▶ Dataset extract

[Start of Attachment]

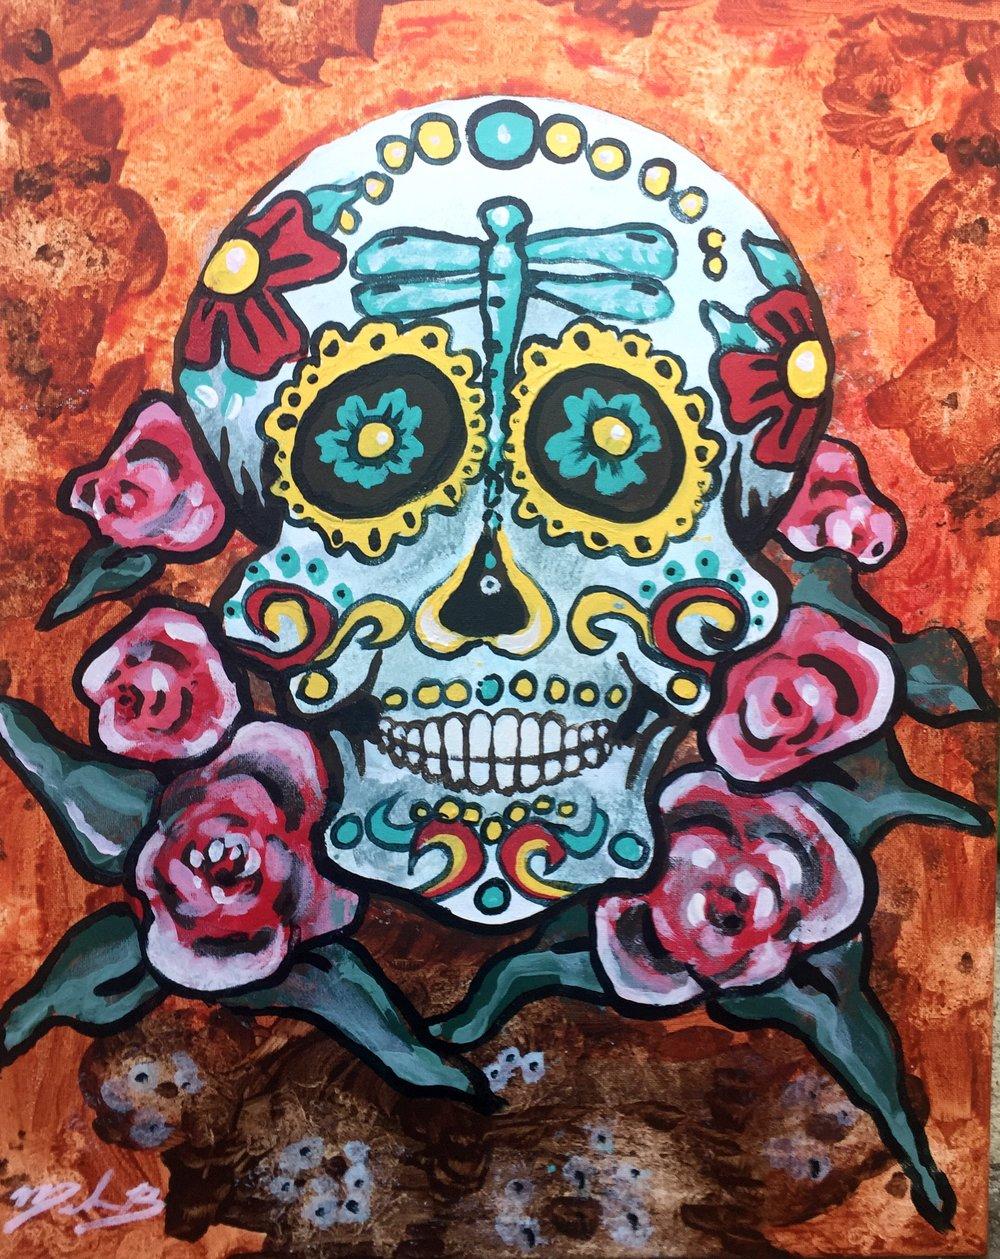 Candy Skull - 16 x 20
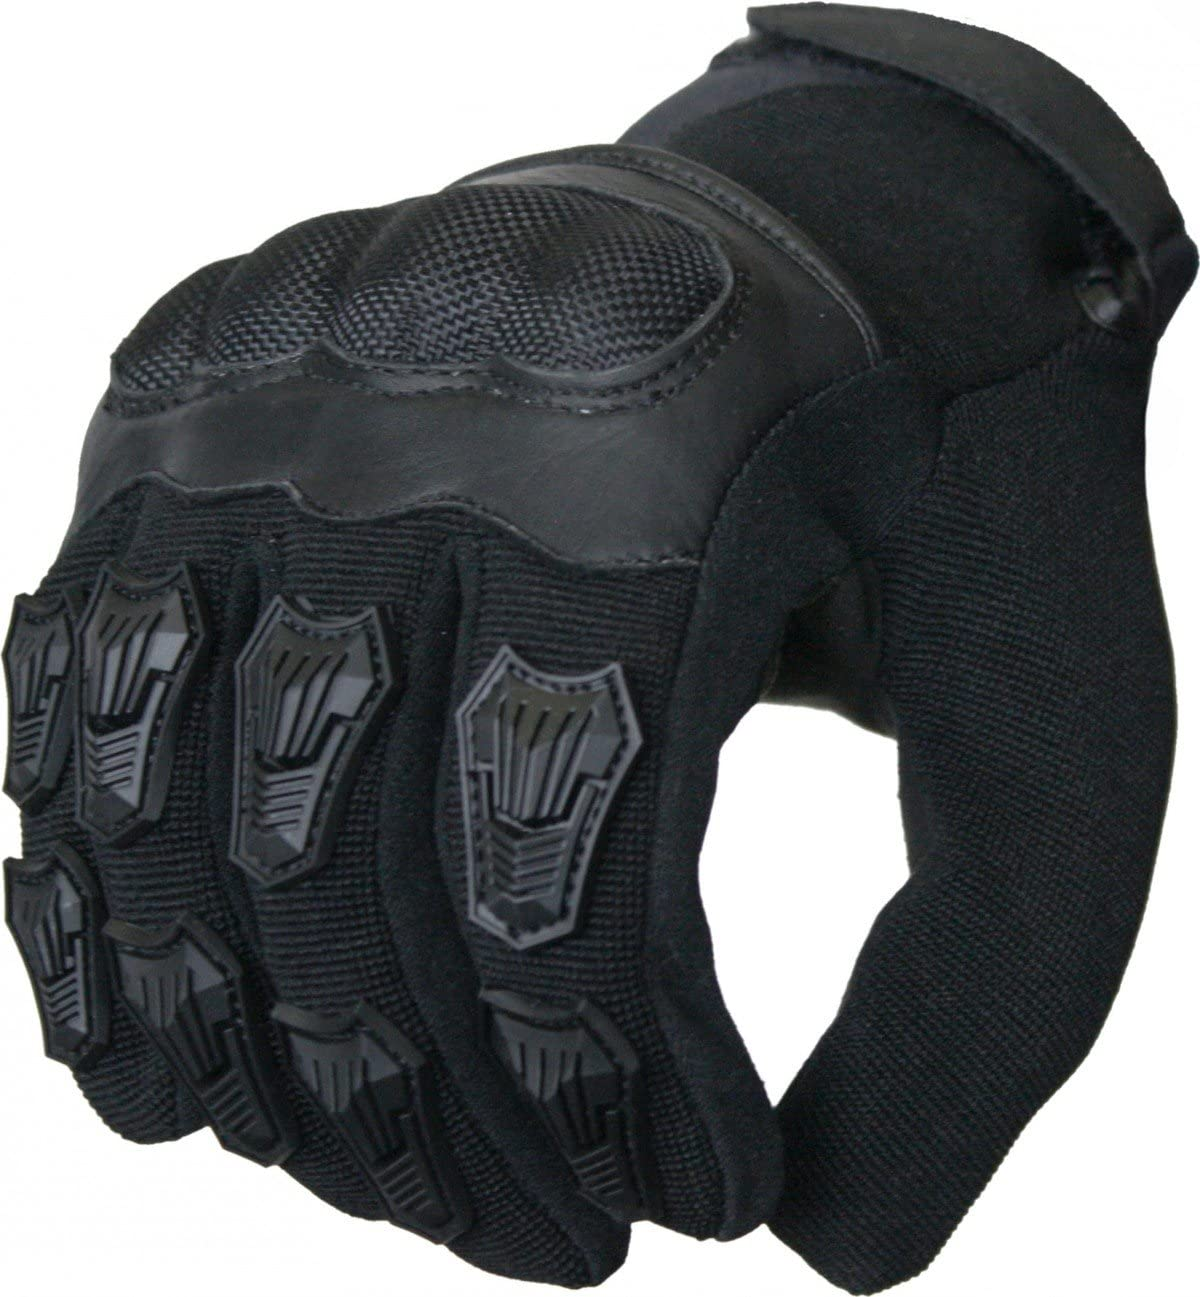 Size:8=M German Wear Motorradhandschuhe Sommer Motorrad Biker Handschuhe Schwarz
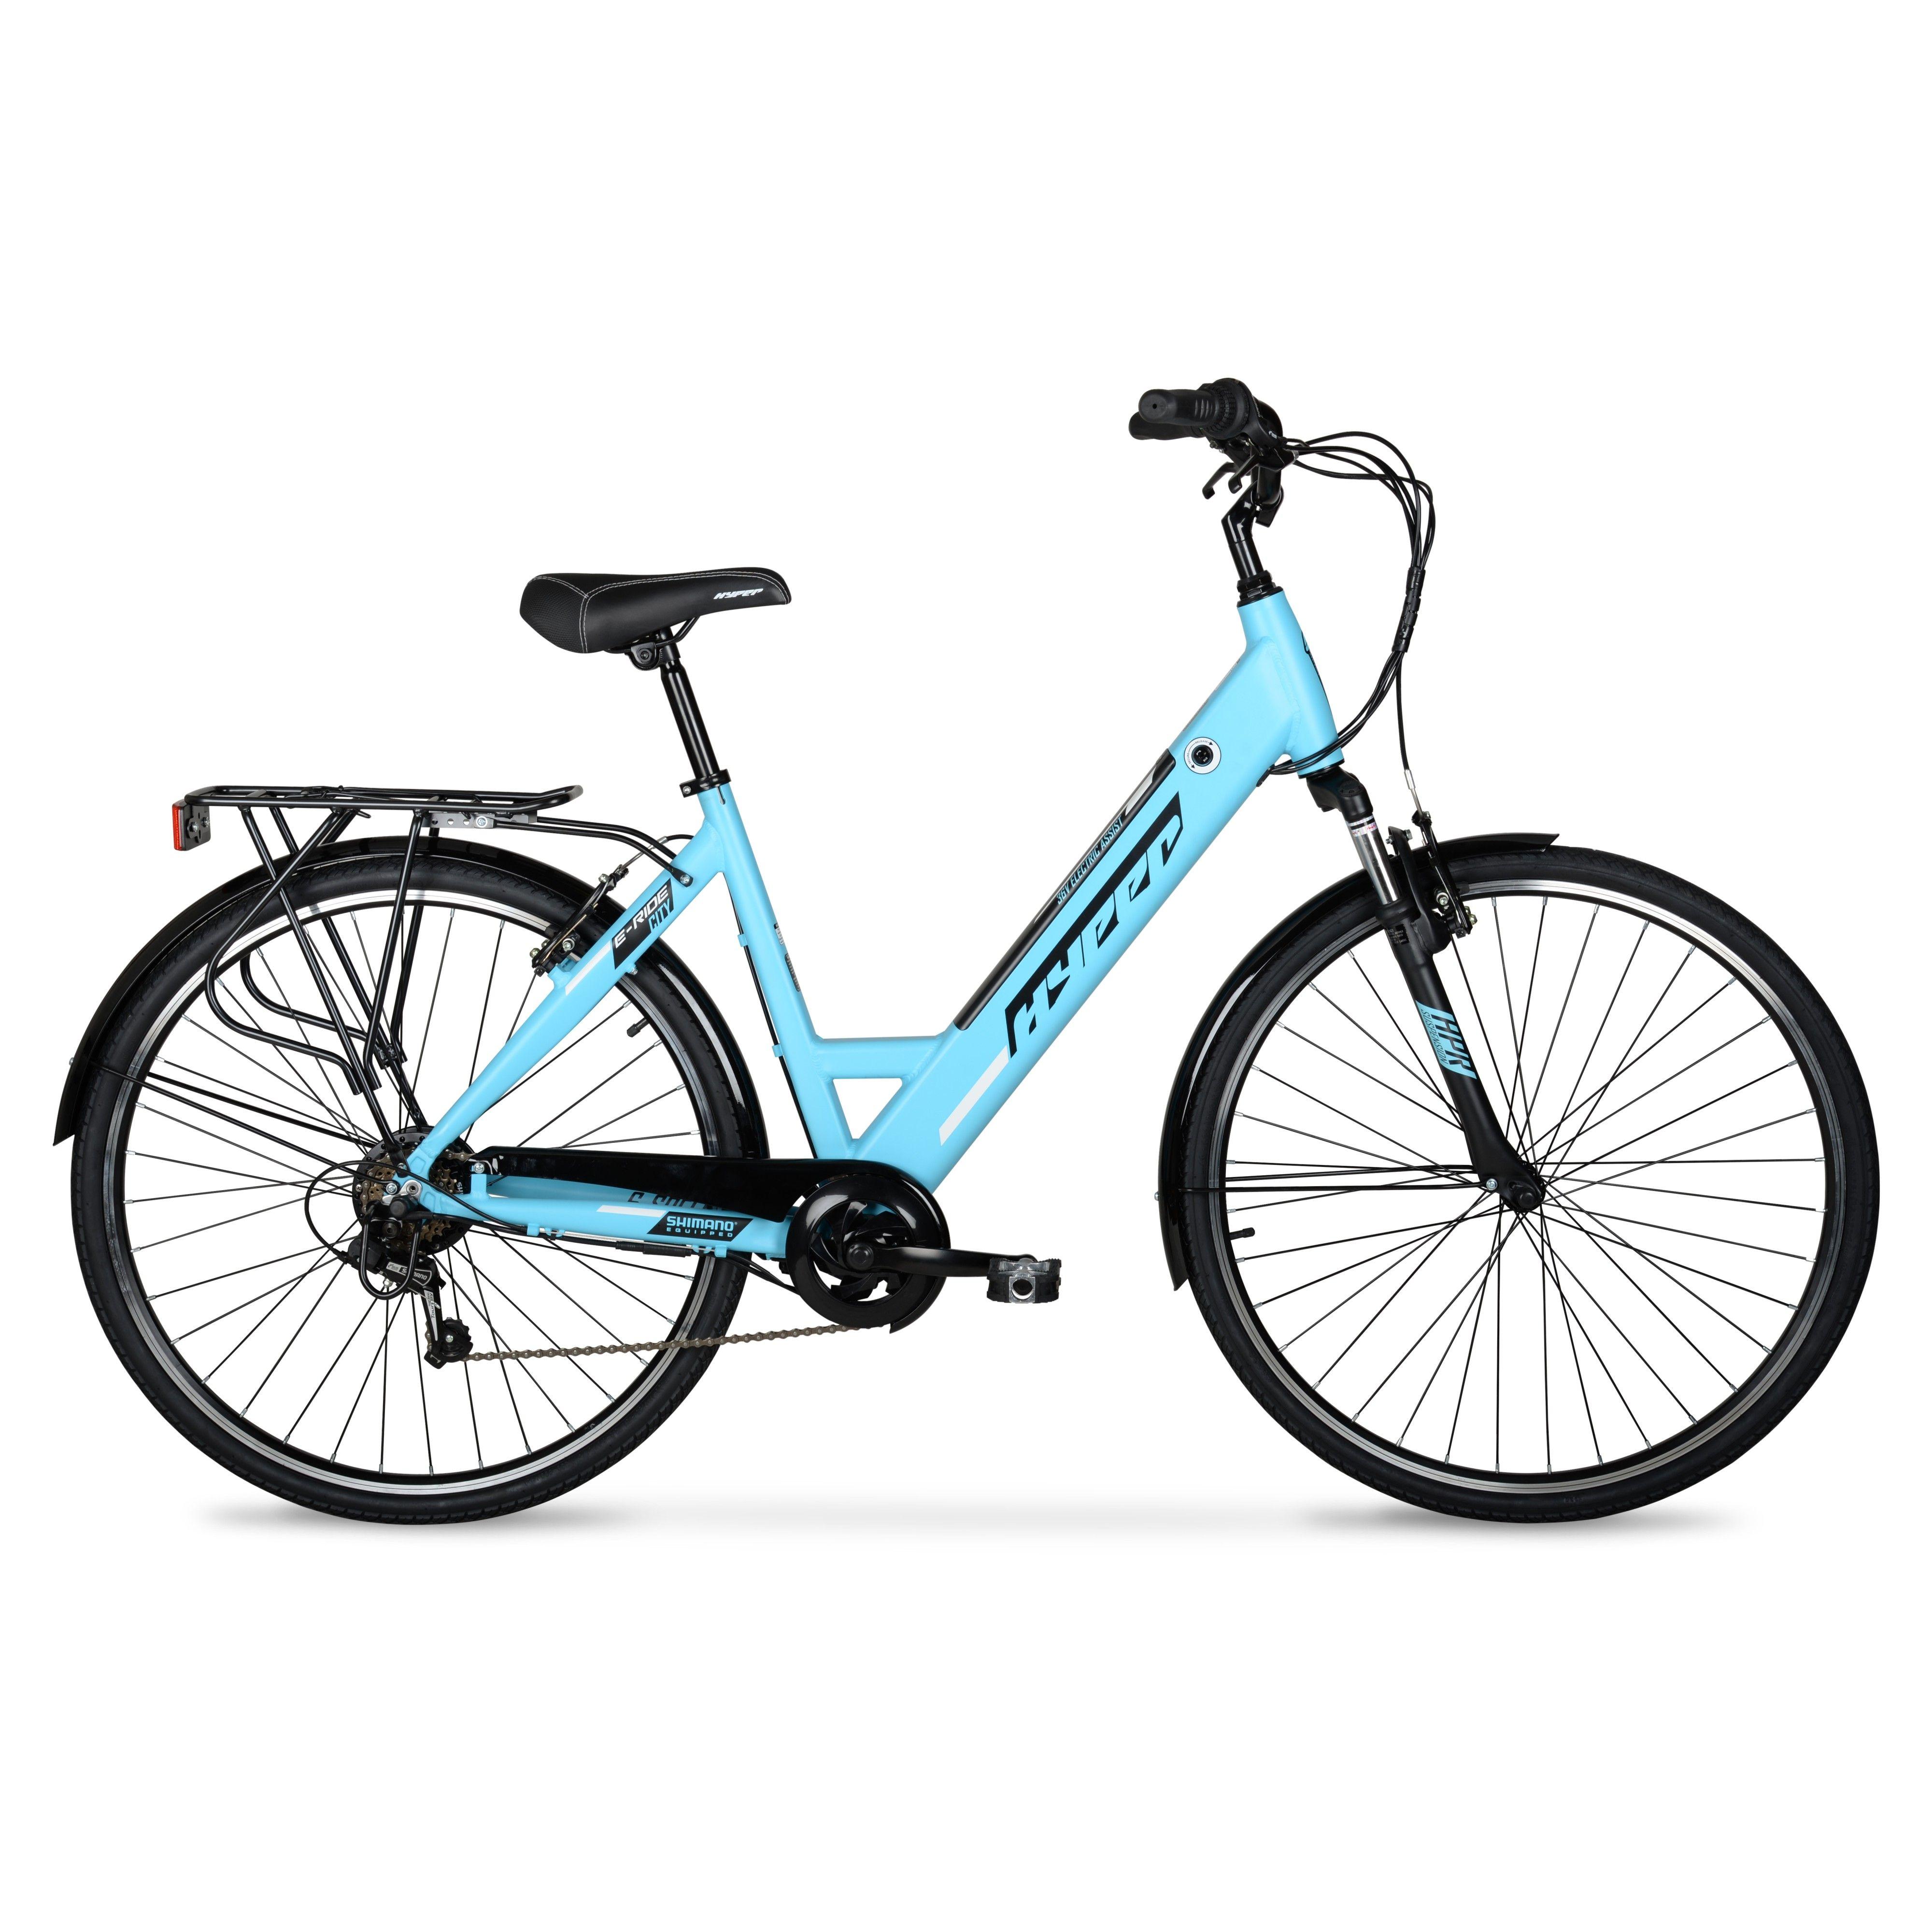 Sports & Outdoors Electric mountain bike, Commuter bike

[End of Attachment]

▶ What is being asked
Each line from the one containing "Size:8=M German Wear" through the last line of the listing must be copied exactly, and the pictures must not be.

▶ Result
 Size:8=M German Wear Motorradhandschuhe Sommer Motorrad Biker Handschuhe Schwarz
 Sports & Outdoors Electric mountain bike, Commuter bike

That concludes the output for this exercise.